Когда они выезжают на шоссе, начинается дождь. Настоящий, летний ливень. Линкольн протягивает руку, чтобы включить радио, но на полпути раздумывает и делает вид, что просто отдирает ногтем присохшую грязь от панели управления. Вероника проводит пальцами по его руке и долго, не отрываясь, смотрит в окно, а потом тихо, будто боится чего-то, произносит в полголоса:
- А она красивая. Та, что смотрела на тебя в кустах. Вся бледная-бледная, а глаза так и горят.
Линкольн не отвечает. Да она и не ждет ответа. Она просто знает. Знает и…боится. Боится того, что когда-нибудь случится. Непременно случится.
«Потому что он не будет хорошим» - проносится в мыслях.
Потому что его обида сильнее любви.
Она знает это.
- Когда-нибудь ты бросишь меня? – полуответ – полувопрос.
Он угрюмо смотрит на дорогу, и свет фар выхватывает мокрые ветки по краям шоссе.
Иногда ей хочется, чтобы он назвал ее Альдо.
***
Старый диван прогибается и протяжно скрипит, когда он ложится на него. Пружина сломалась, и каждый раз ему приходится спрыгивать на пол, чтобы не разбудить Лизу – свою жену.

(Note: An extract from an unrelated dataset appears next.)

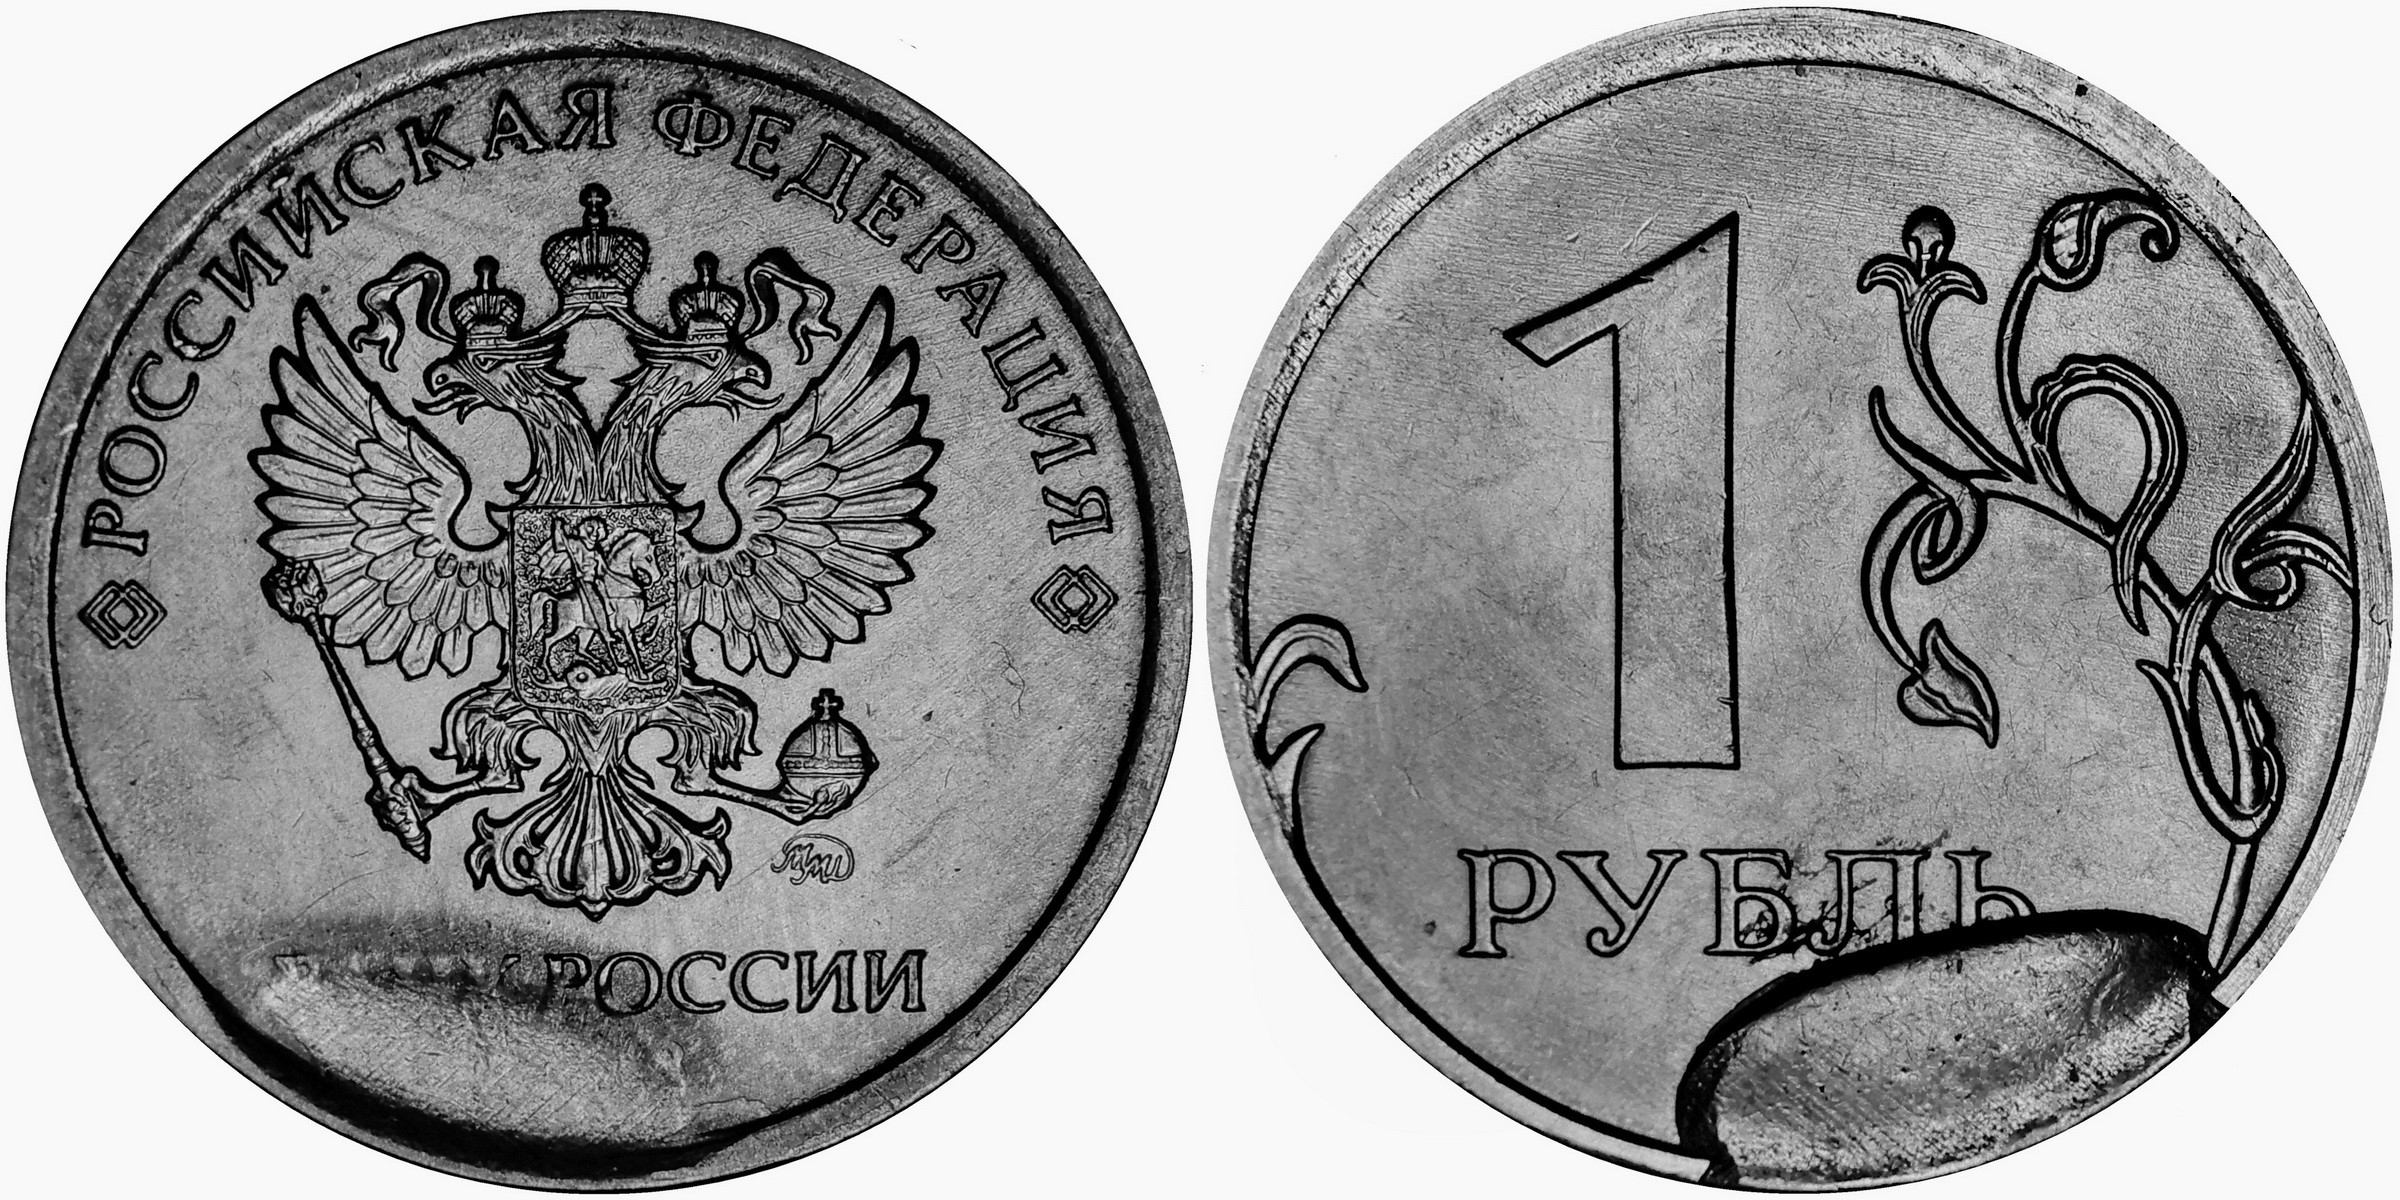 Б рубль в российском рубле. Монета 1 рубль реверс и Аверс. 1 Рубль 2020 брак раскол штемпеля. 1 Рубль 2020 года брак раскол. Монета брак 1 рубль 2020 раскол штемпеля.

У него есть семья, и он счастлив. Да, черт побери, он женатый человек, и гордится этим. У него есть свои права и обязательства. По утрам он в одиночестве варит на кухне кофе и пьет мелкими глотками – обжигается – и чистит зубы, пуская тоненькую струйку воды из крана, и одевается в прихожей – плотно закрывая за собой дверь. Он делает это все, потому что любит, потому что заботится о своей жене. Потому что любит наблюдать, как она спит, и как во сне подрагивают у нее ресницы. И ради этого он готов скакать, как кузнечик, с дивана на пол. Только чтобы не потревожить ее.
В который раз Линкольн убеждает себя в том, что это просто забота, а не страх, не желание побыть одному. Не отвращение к себе. К ней.
Дверь тихонько скрипит за спиной, заставляя его внутренне сжаться. И робкий вначале скрип наполняет помещение, шепот, шорох, грозный, сухой, и заставляющий Линкольна чувствовать, как он растворяется, поглощается этим шуршащим тлением, из него высасывают душу, мысли, имя, и он распадается, тщетно пытаясь крикнуть, позвать, завыть…
Когда он повернется в Лизе, на его лице будет играть улыбка.
Она смотрит долго, пронзительно. И во взгляде у нее только усталость. Усталость и разочарование.
- За что? – это все, что она хочет знать.
Линк не станет врать. Только не сегодня, не сейчас.
- Ты сама захотела.
- Вряд ли, - опускает она голову, - да, я хотела…но не этого. И в этом моя вина, Линкольн.
Он не знает, что еще можно сказать. Да и нужно ли?
- Я тебя понимаю. Не оправдываю, не осуждаю – понимаю. Вполне…
- Ну, еще бы! – ее голос сквозит давней, тщательно скрываемой ненавистью. – Еще бы! Ведь ты не человек.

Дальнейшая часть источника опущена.